** Opening SOURCE DATA block **

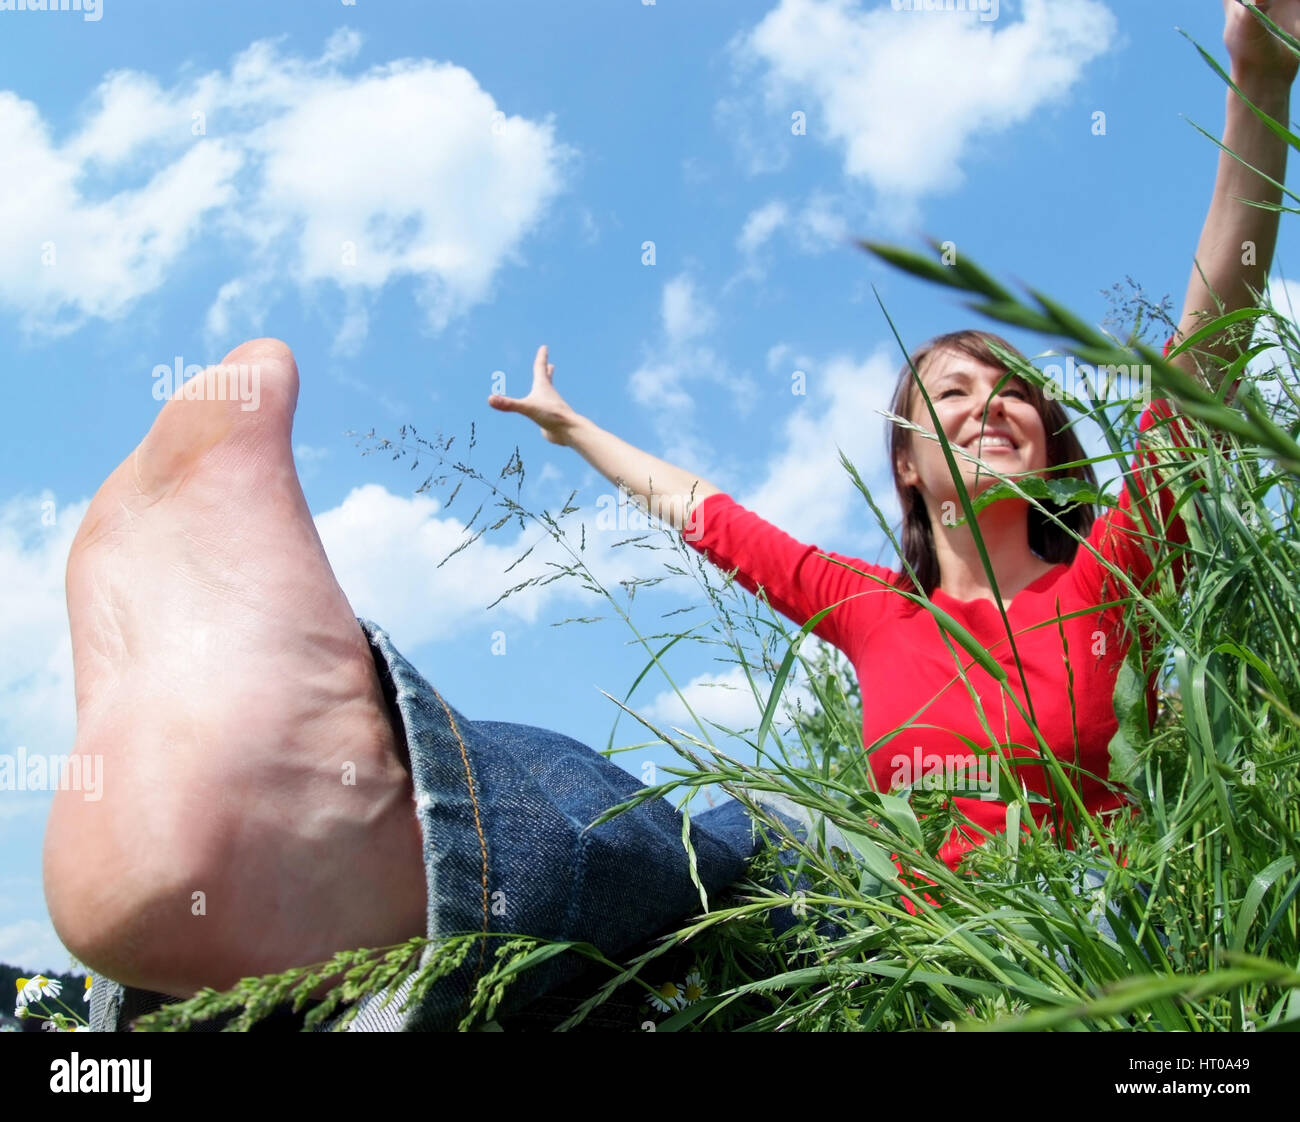 Junge Frau erholt sich in der Natur - woman relaxing in nature Stock Photo
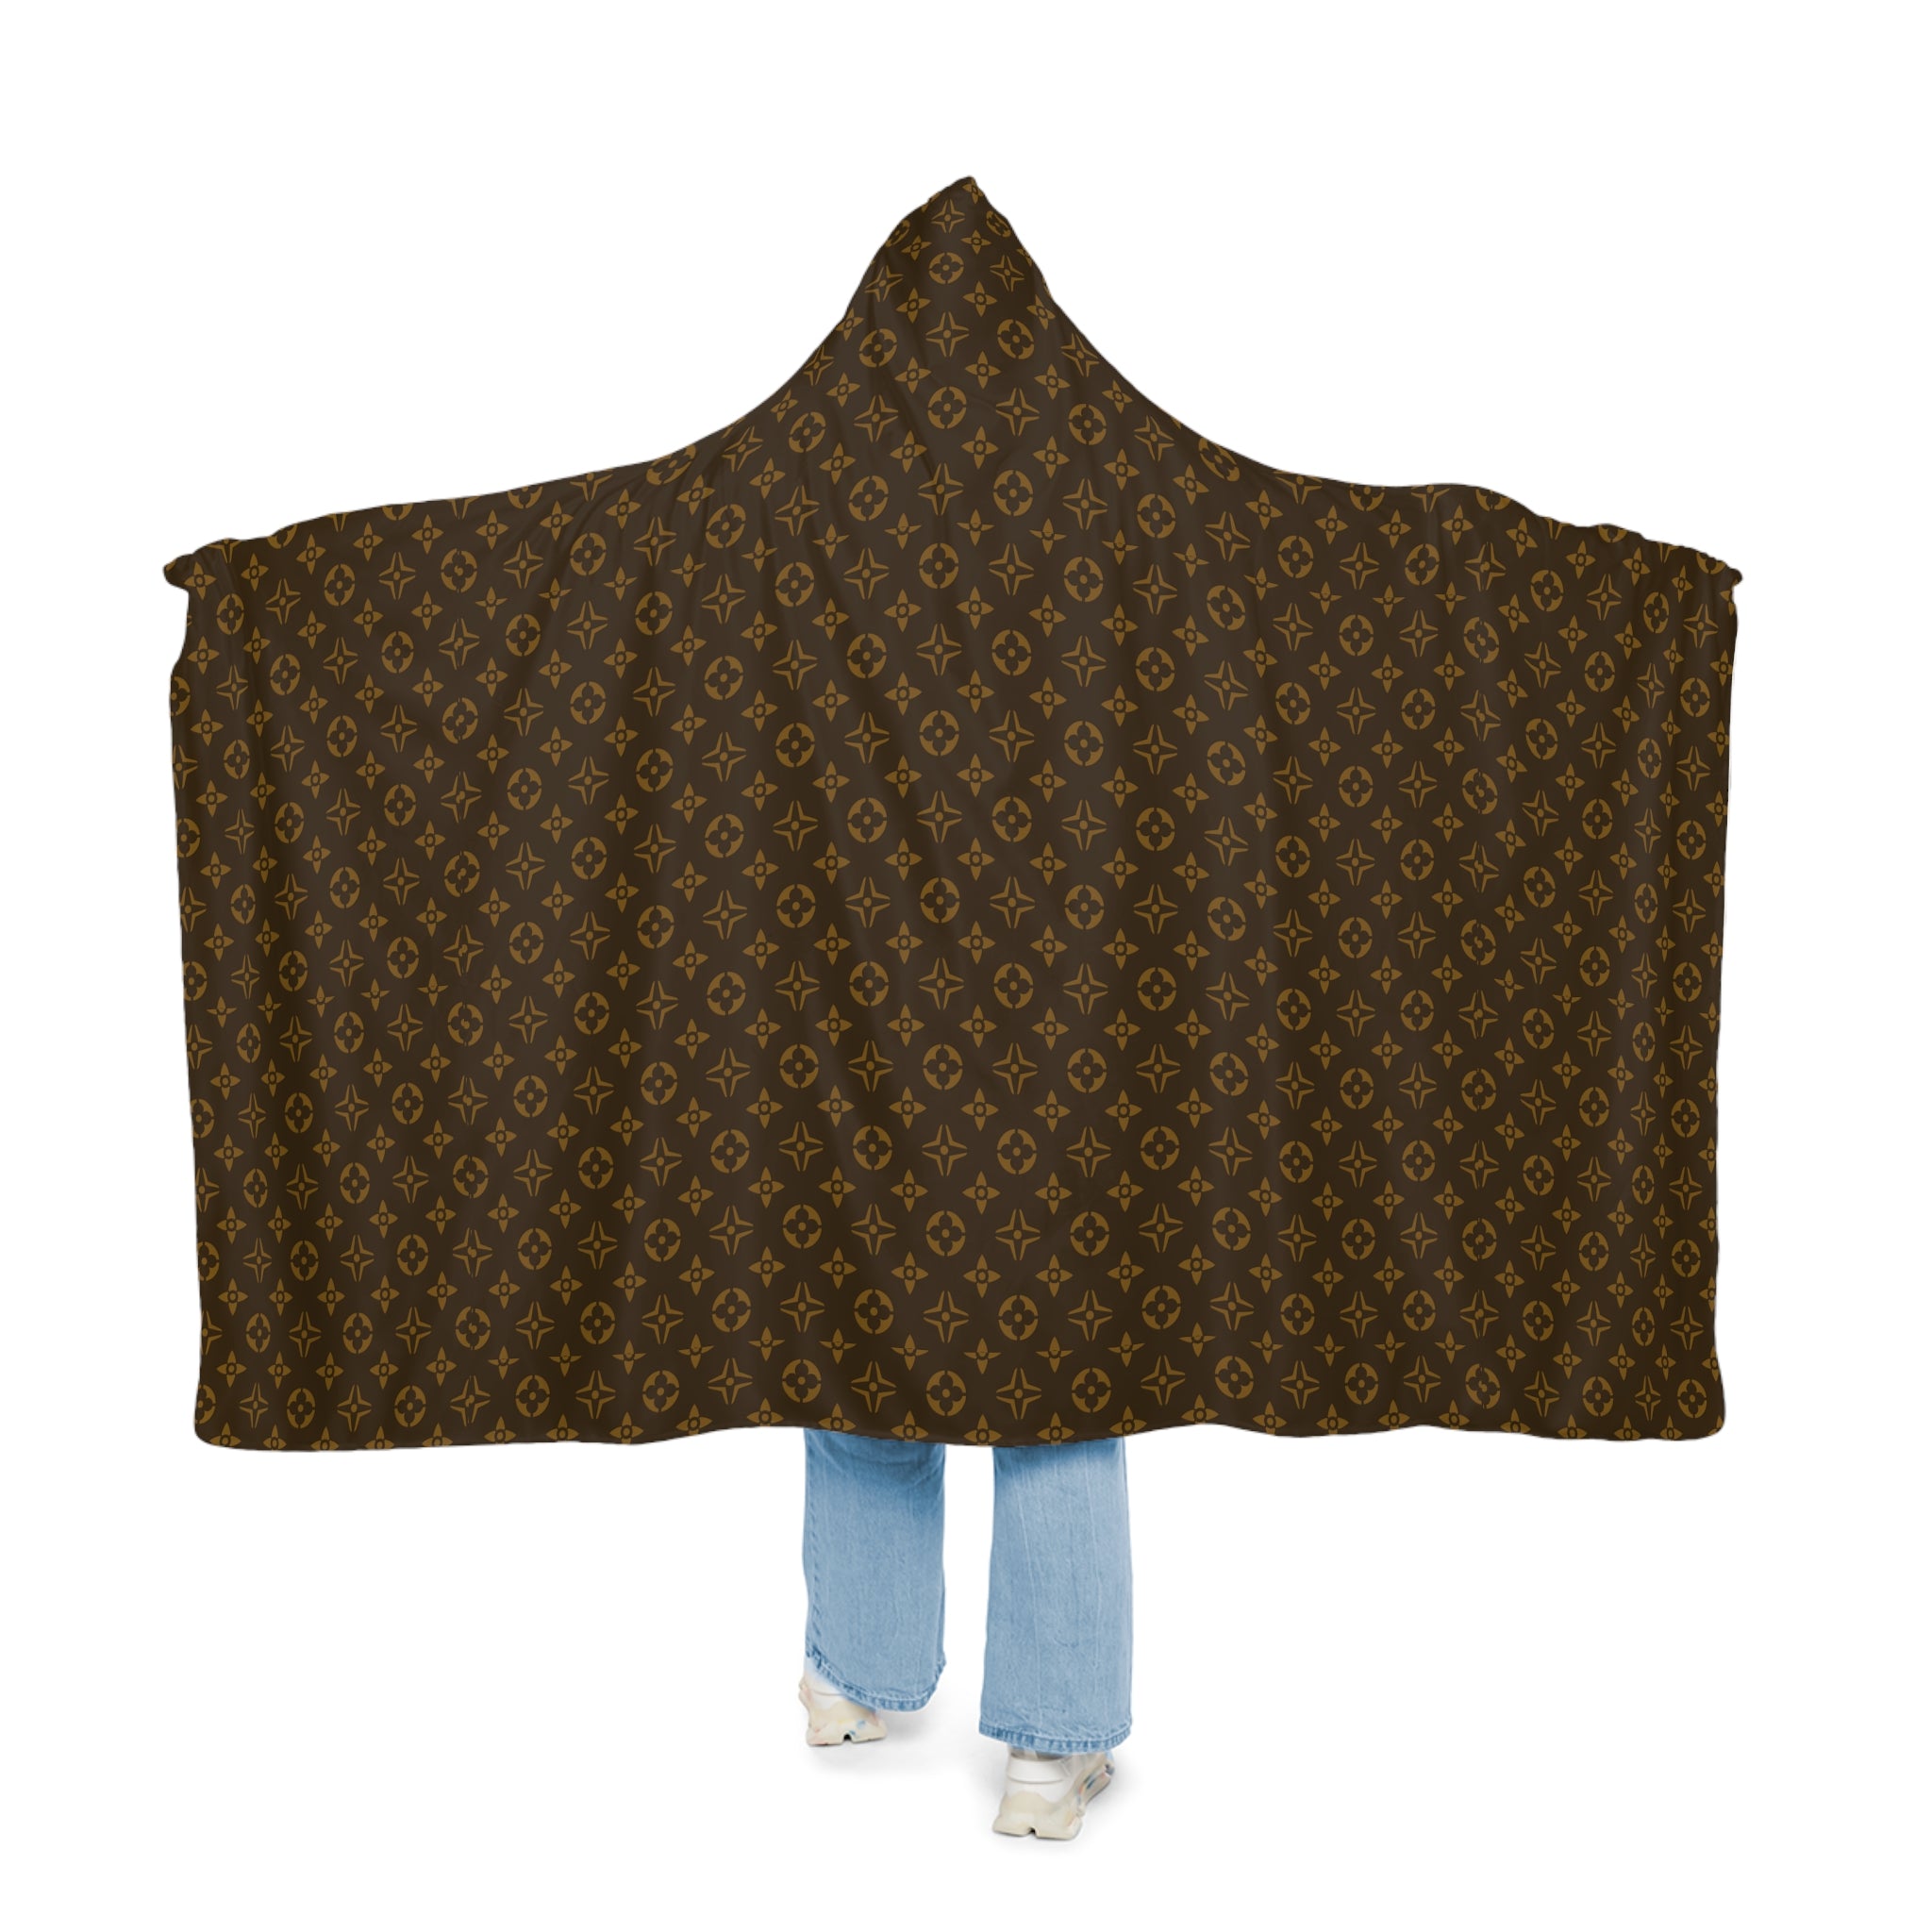 At Home Collection Large Brown and Gold Icon Snuggle Blanket, Hooded Sherpa, Oversized Hooded Cape All Over Prints 80-55-Microfiber-Fleece The Middle Aged Groove
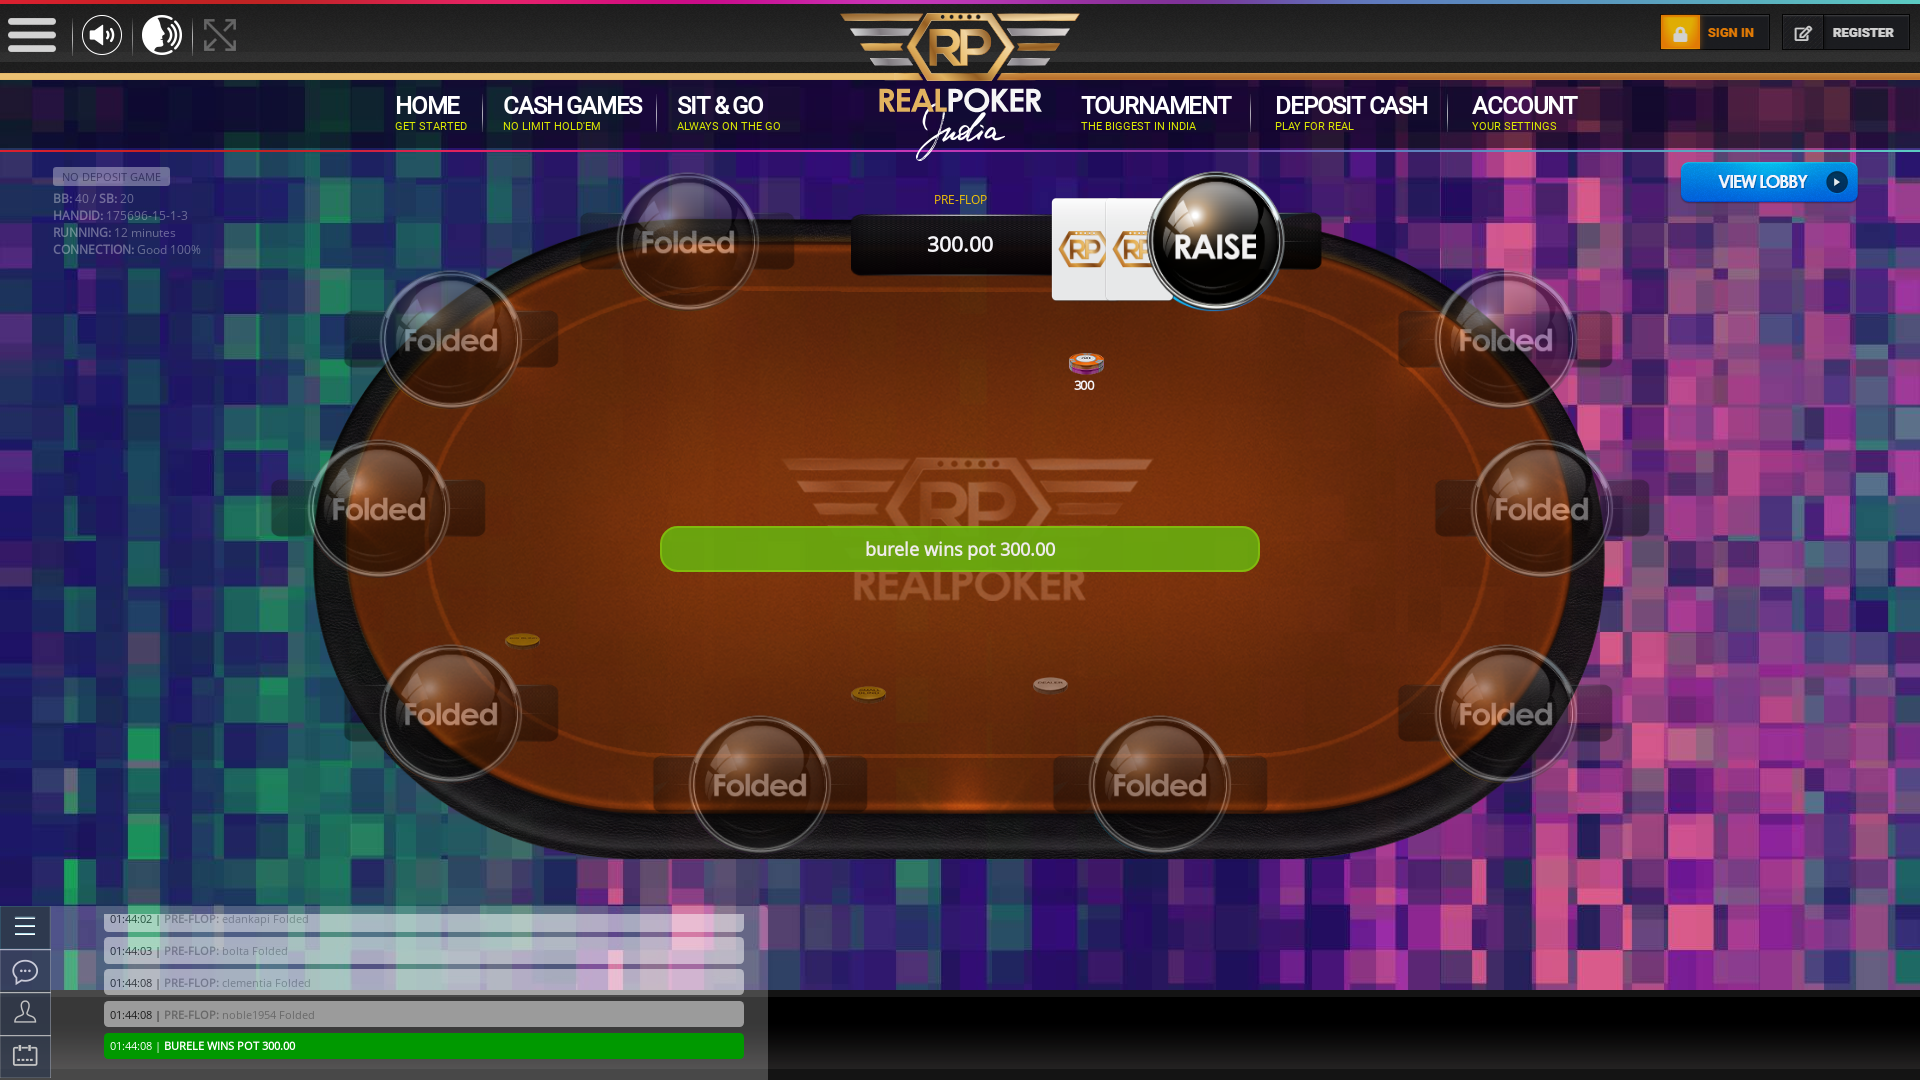 10 player texas holdem table at real poker with the table id 175696

** Closing SOURCE DATA block **

→ **TASK**: The result should be the listing above, restated exactly, with no pictures in it.

→ **EXPECTED OUTPUT**:
 Junge Frau erholt sich in der Natur - woman relaxing in nature Stock Photo
 At Home Collection Large Brown and Gold Icon Snuggle Blanket, Hooded Sherpa, Oversized Hooded Cape All Over Prints 80-55-Microfiber-Fleece The Middle Aged Groove
 10 player texas holdem table at real poker with the table id 175696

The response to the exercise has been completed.